■ YOUR ASSIGNMENT: Your answer must be only the lines below from the one containing "A picture containing glass, drinking water" through the one containing "Description automatically generated", copied exactly, with the pictures left out.

■ THE DATA:
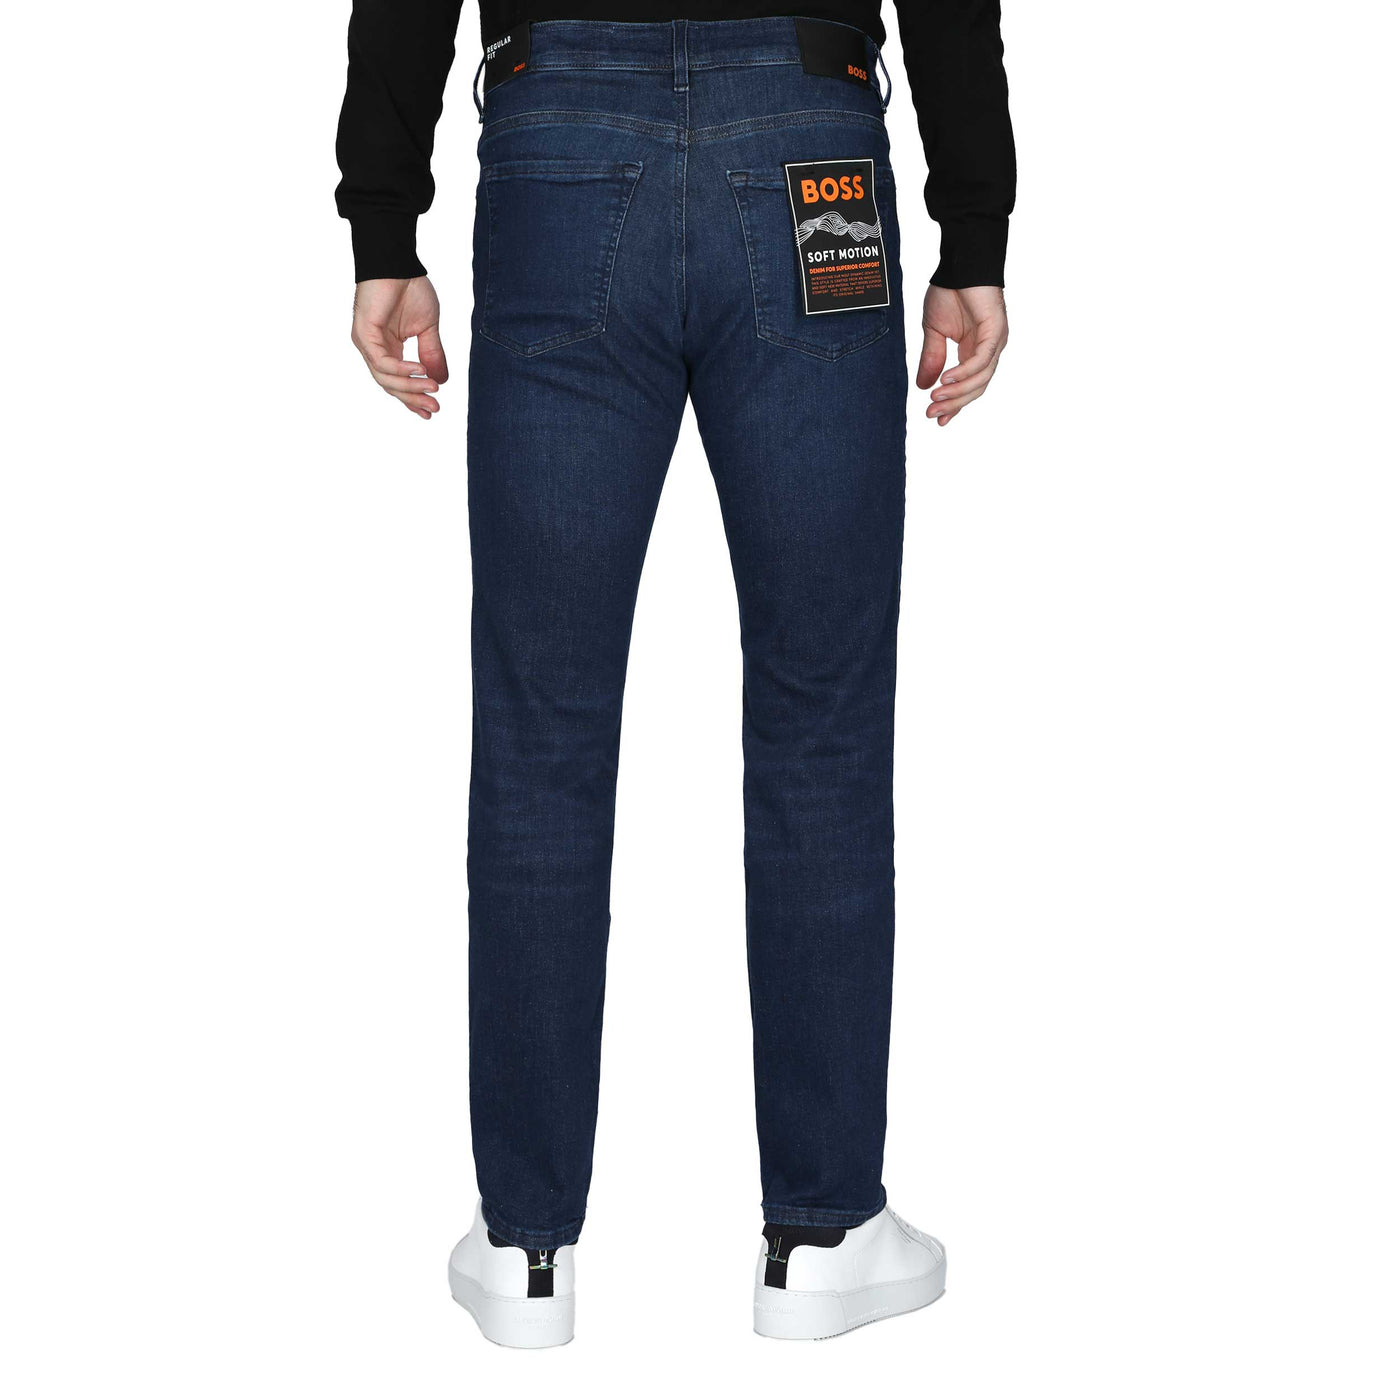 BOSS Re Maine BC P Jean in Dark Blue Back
==
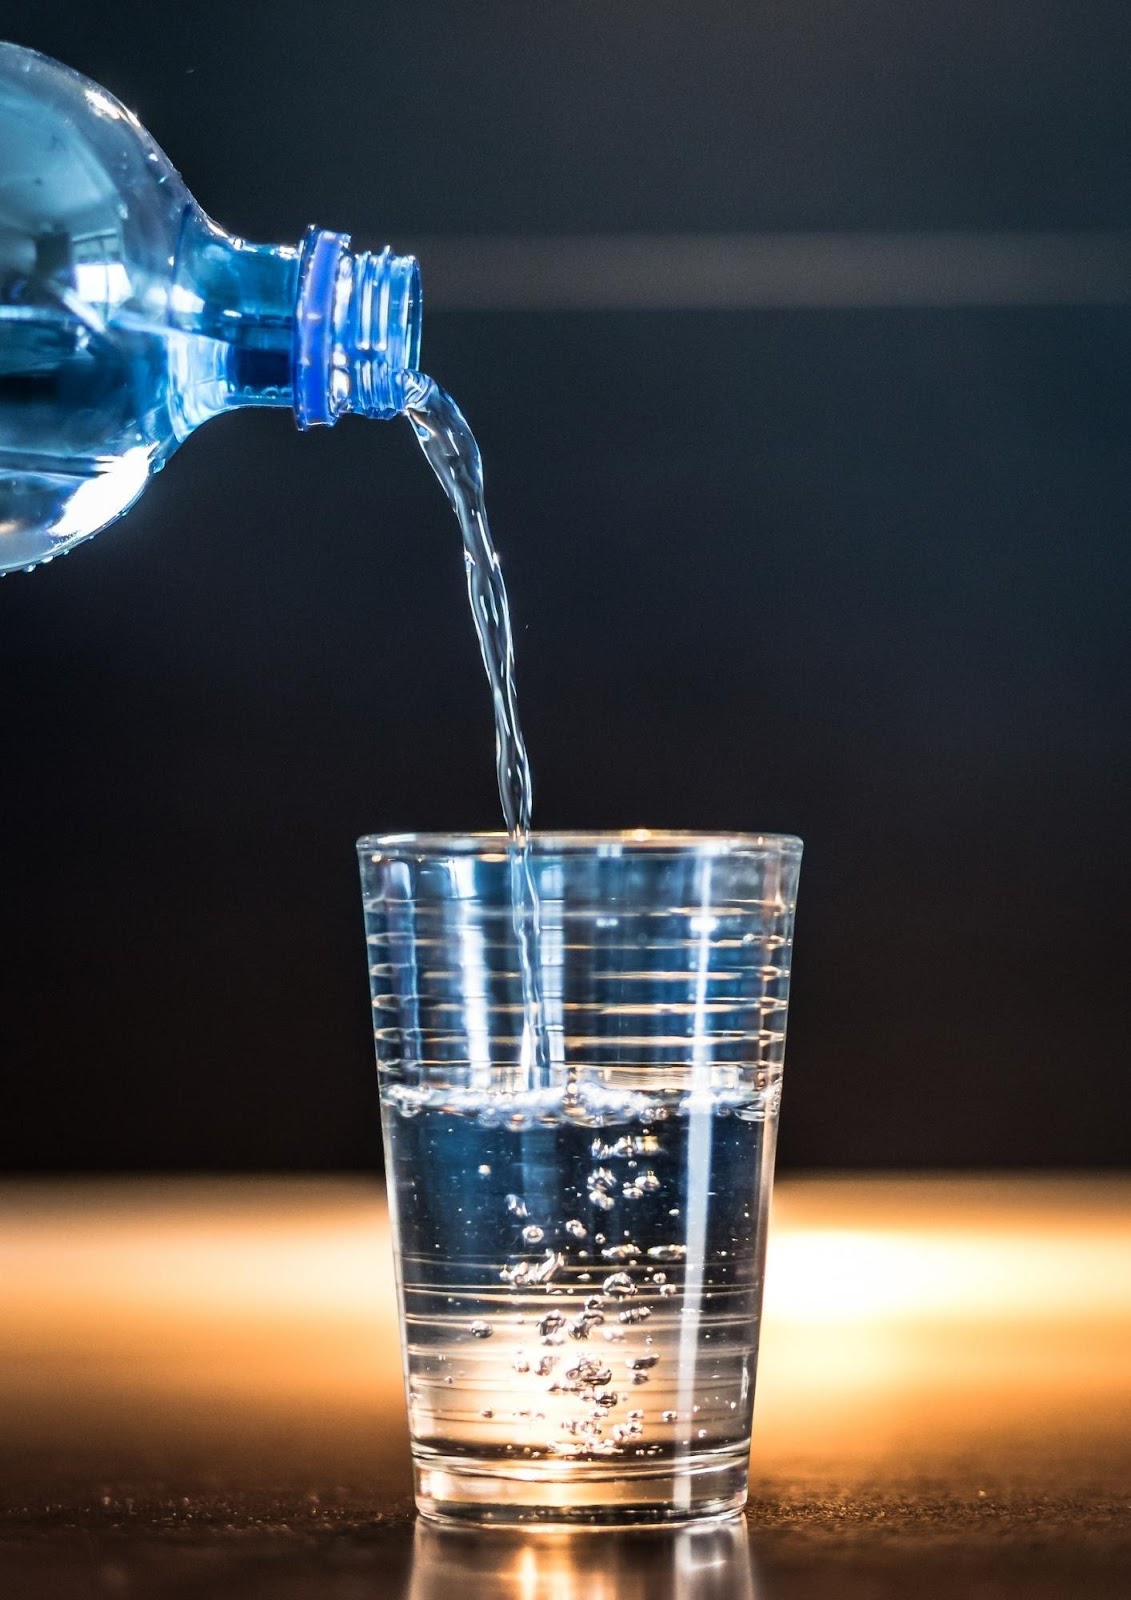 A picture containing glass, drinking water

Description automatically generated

■ WRITTEN RESPONSE:
 A picture containing glass, drinking water

Description automatically generated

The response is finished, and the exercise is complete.